**Description of the task:**
How many lines of the data include the string "Stock"? State that number alone.

**Information given:**

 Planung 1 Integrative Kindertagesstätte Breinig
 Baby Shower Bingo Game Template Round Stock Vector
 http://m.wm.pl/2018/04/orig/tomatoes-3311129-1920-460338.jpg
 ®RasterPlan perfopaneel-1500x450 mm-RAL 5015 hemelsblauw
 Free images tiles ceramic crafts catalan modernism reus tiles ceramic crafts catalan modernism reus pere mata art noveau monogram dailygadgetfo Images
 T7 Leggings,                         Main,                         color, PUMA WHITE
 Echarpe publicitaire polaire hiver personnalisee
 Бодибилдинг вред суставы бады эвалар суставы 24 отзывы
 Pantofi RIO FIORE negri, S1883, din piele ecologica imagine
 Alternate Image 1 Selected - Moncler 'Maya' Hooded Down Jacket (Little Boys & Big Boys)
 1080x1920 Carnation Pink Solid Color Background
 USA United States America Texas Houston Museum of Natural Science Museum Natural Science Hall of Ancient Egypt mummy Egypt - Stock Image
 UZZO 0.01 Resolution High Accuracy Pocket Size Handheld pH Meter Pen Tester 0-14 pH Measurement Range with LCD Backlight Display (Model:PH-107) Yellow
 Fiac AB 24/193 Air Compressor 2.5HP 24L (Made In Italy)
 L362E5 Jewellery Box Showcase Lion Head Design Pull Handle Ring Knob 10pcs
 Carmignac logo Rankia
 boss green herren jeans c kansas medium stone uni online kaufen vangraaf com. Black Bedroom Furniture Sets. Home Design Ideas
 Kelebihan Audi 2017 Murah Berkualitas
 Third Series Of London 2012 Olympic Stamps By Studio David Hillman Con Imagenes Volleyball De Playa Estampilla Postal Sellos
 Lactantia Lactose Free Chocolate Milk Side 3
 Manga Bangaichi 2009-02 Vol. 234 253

**Written answer:**
2